Wednesday, August 26, 2009

A New Storage Battery

Mr. Weir Believes He Has Solved a Great Problem

He Has Found, He Says, Long Sought Qualities of Lightness and Durability

It's not difficult to imagine the above article title and subtitles announcing yet another introductory article on the topic of EEStor Inc. But what if I told you, you could replace the name Weir with Edison and have the beginnings of a New York times article written 108 years ago on a new battery Thomas Edison had invented? Mildly interesting? What if I told you that at the time of the writing the properties of the new battery were already "long sought after" and considered as revolutionary as the "incandescent light." Not bad, you say? Sit down, there's more....much much more.


On May 23, 1901, a New York Times article was published covering the reading of a paper at an annual meeting of the American Institute of Electrical Engineers.
The reader, A.J. Kennelly announced the invention of a new battery by Thomas Edison and described all of it's advantages in comparison to the existing batteries of the day (which were lead acid believe it or not): not only would Edison's battery be two to three times lighter and more durable, it would charge in 3.5hrs instead of the standard 7.5 to 8 hrs of it's competitors. They would also work better in cold weather. Yes, but what about capacity you ask? Remarkably, an example given over a century ago was that of the range of an automobile (No, I'm not making this up). At the time, the longest known distance a battery powered vehicle had traveled was 50 miles. It was claimed that Edison's new battery would double that range to 100 miles. (Hello, GM Volt crazies).

Not surprisingly, the other applications for Edison's new battery were transportation related. The New York Times report read:

"The advantages of the new invention as set forth by an engineer are so comprehensive that it was predicted that a new art of electrical propulsion and navigation would result. Among the possibilities is a new electric street car, the doing away with the present trolley system, and the substitution of a car supplied with power by storage battery. Likewise, owing to durability and to the cheapening of the batteries and the facility of their mechanism, it is predicted that electric light will be cheapened and that electric power in time may supersede that of steam in many factories now dependent upon the steam boiler. "


If you're a regular at TheEEStory.com and you are experiencing a strange little feeling you can't put your finger on, consider this. The century old article states that Edison's battery was "passed the experimental stage and has been tested and proved in actual practice to such an extend that a factory is about to be built to manufacture the batteries for commercial purposes." According to the article, Edison made the claim that his battery was "theoretically indestructible" because in tests they had charged it in reverse and restored it to full capacity with a regular charge.
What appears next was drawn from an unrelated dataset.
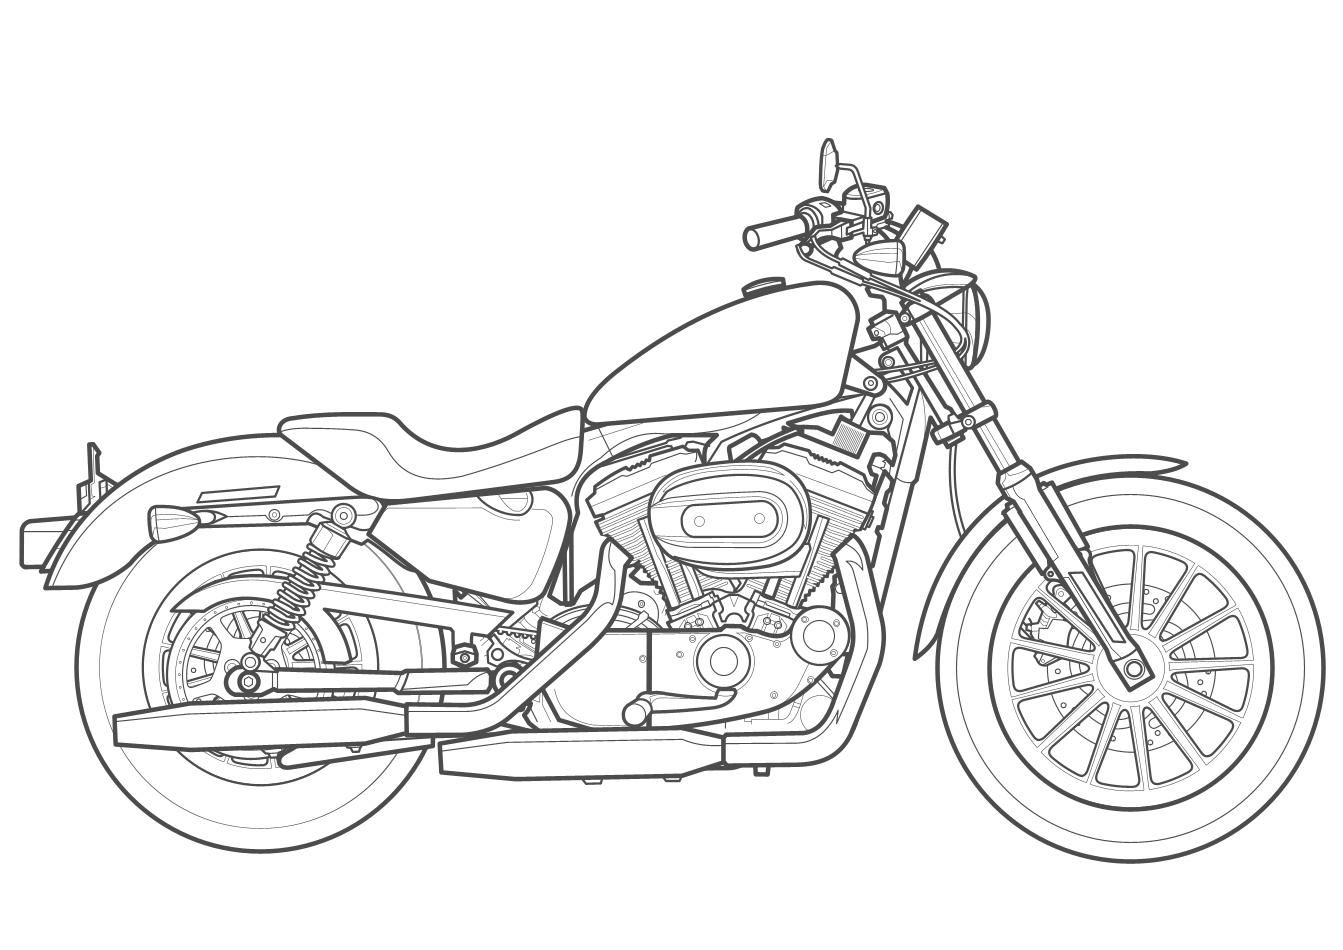 1343x950 Drawn Motorcycle Harley Davidson

This should sound similar to Richard Weir's claims about the indestructibility of the EESU -- and how it will outlast the equipment to which it is attached -- with component parts of the EESU having been apparently tested (charged/discharged) to more than a million cycles. And if that is not similar enough to EEStor, the reporter also captured some stealth with Edison having "declined to discuss the commercial advantages of the new invention beyond saying that he had purchased the old Hayden Mill in Genridge, about two miles from West Orange, where he will take immediate possession and begin at once the manufacture of the new batteries."

The reporter added, "He said he would organize the Edison Storage Battery Company and would retain absolute control of the business. "

Unlike the reception EEStor has received from their electric industry peers, Edison received immediate praise from the the Electrical Review:

"Mr Edison has produced no invention of broader utility in the electrical field since incandescent lighting was evolved from the busy brain of the same pioneer of industry. It is hard to foresee all the meaning of this improvement. But we may look a little way and see the noiseless city, the suppression of the horse, and the automobile a factor of economic importance in general transportation. The perfected battery means the solution of many difficult traction problems, the betterment of electric lighting, and the foundation of the new art of electric navigation. Electric tugboats will give new life to our canals, and with electric ferryboats will revolutionize our harbors. Electric torpedo-boats of swiftness and secrecy will make present naval armaments of doubtful protection."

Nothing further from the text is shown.